Looking at this from a broader industry perspective, what this shows me is that we’ve probably gone about as far as we can on this idea of “satellites as a hardware layer for other hardware”. The situation reminds me of the XKCD comic about standards.
Having so many different standard spacecraft of similar size doesn’t seem like it’s actually helping anybody, and probably isn’t going to lead to great outcomes for either VCs or firms building satellite busses.
I also worry that this is going to make it less likely that new approaches to launching spacecraft will be particularly useful in terms of unlocking the next steps to making humanity a multiplanetary species.
Sure, the increased mass and volume per flight will still count for something.
But if all startups are producing is standardized busses, then I’m not so sure I understand what Starship’s commercial flights will really be enabling for the rest of the industry besides bigger form factors.
We’re quite possibly past the limits of what’s going to generate a venture-scale return in the bus-as-a-business space.
The sooner everybody realizes this and figures out where to go next, the better a state the space startup ecosystem will be in.
In short, I think there needs to be more innovation in space — not just in terms of engineering, but in terms of business models as well.
What does a venture-backable satellite company look like today?
I’m not totally pessimistic on space as a venture-backable category — only on the satellite bus itself. There’s two big themes in the space sector where I see real potential to create the next out-of-this-world space company.
The first theme is that spacecraft with unique sensors and actuators in space will continue to create value on Earth. There are two elements to this.

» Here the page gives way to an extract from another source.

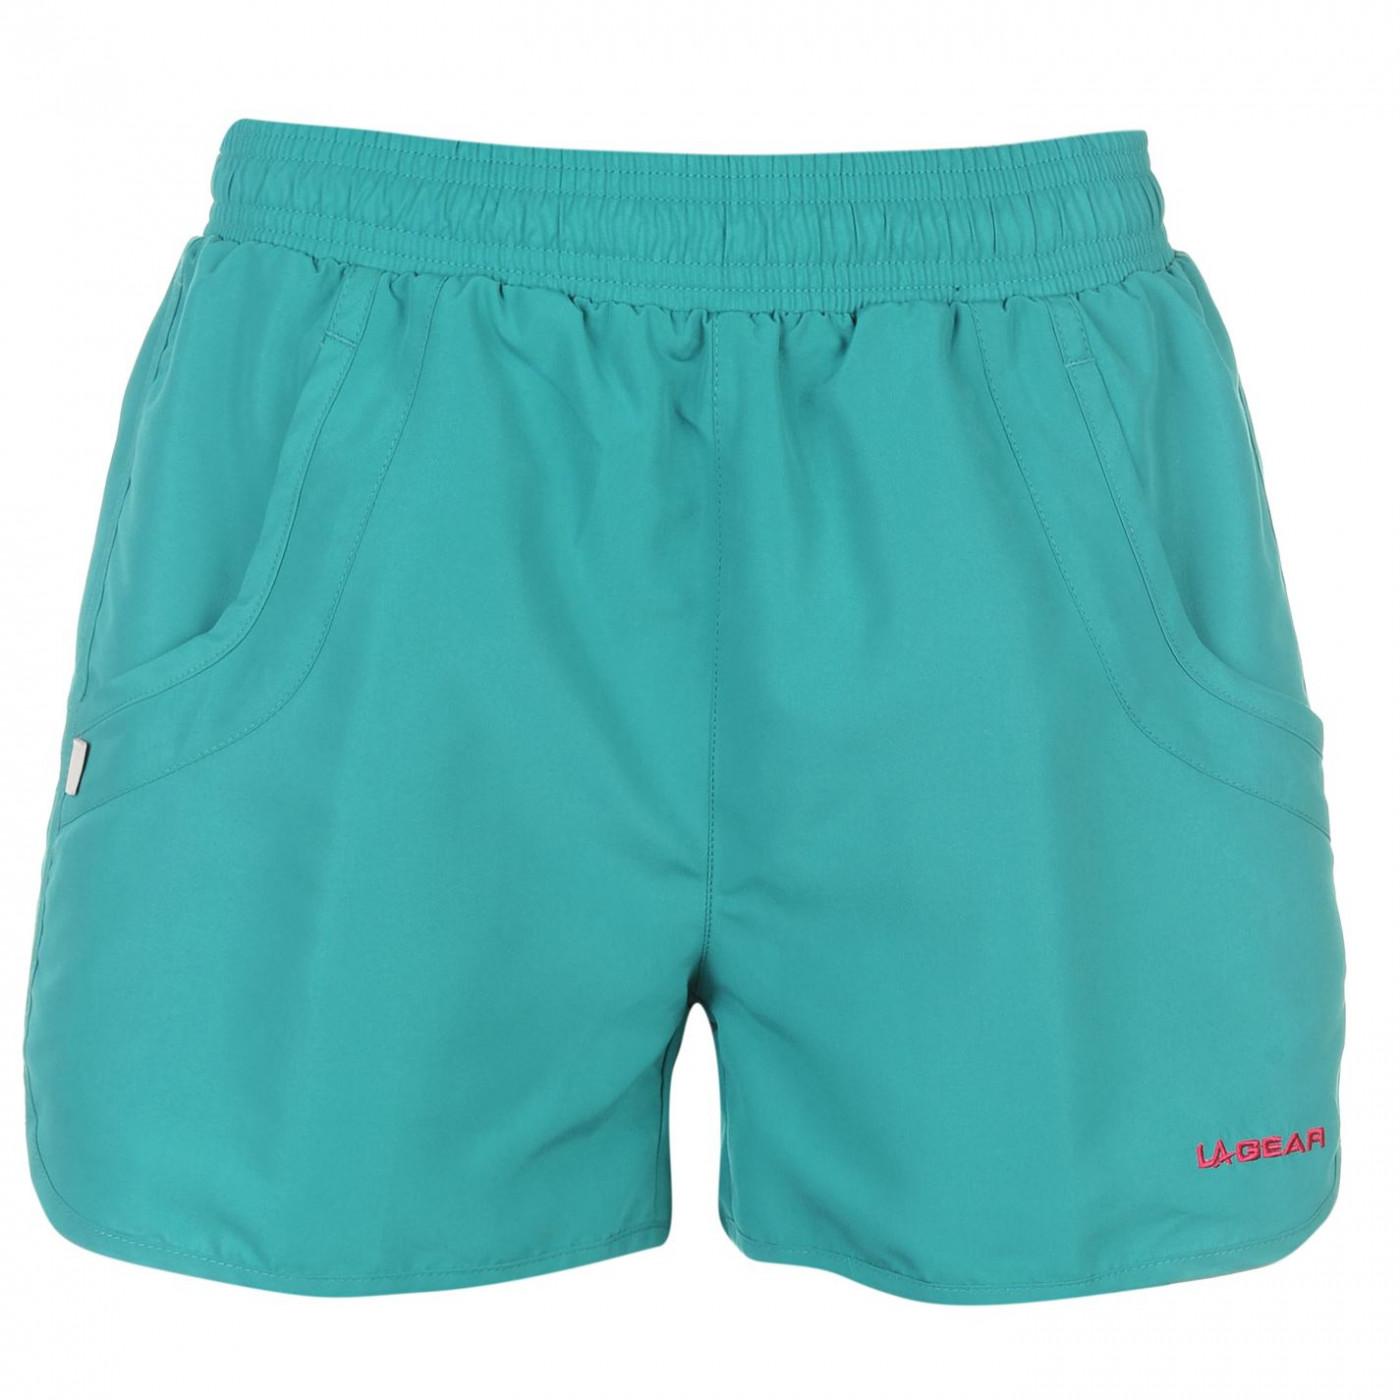 LA Gear Woven Shorts

Optical Earth Observation is saturated, but non-optical EO remains ripe for commercial exploitation because many commercial customers who would pay for the data aren’t yet properly educated about how to extract value from it. The key debate among VCs in this domain right now remains whether vertical integration between the spacecraft operator data analytics provider is a good idea or not. Two startups operating in this space are:
Wyvern Space, which operates spacecraft that capture hyperspectral data, and is also in the analytics business
Umbra Space, which explicitly promises not to enter the data analytics business
Another way to clearly create value on Earth from space is to send things from space to the ground. These might be products manufactured in space on a satellite, or things that are sent to space to await delivery to a particular time and place. Two startups operating in this space are:
Varda Space Industries, which sounds like it’s focused on pharmaceutical R&D
Inversion Space, which seems to be pursuing DoD as an anchor customer
The second theme is that new space technology, or new space applications of current technology, will open up space-centric commercial activities.
Some of these technologies are going to rely on new launch technology that’s projected to come online in the next few years, like Starship. Founders are going to literally have to bet the firm on when this technology becomes commercially available to time the market correctly.
An example of a startup actively working on this sort of thing is Astroscale, which is building a satellite to support spacecraft life extension and orbital debris removal.
It is worth keeping in mind that not all of these new technologies are going to be venture-backable; if the bull case time horizon to unicorn status is more than 10 years out, these probably should stay in the R&D lab or pursue other funding sources for now.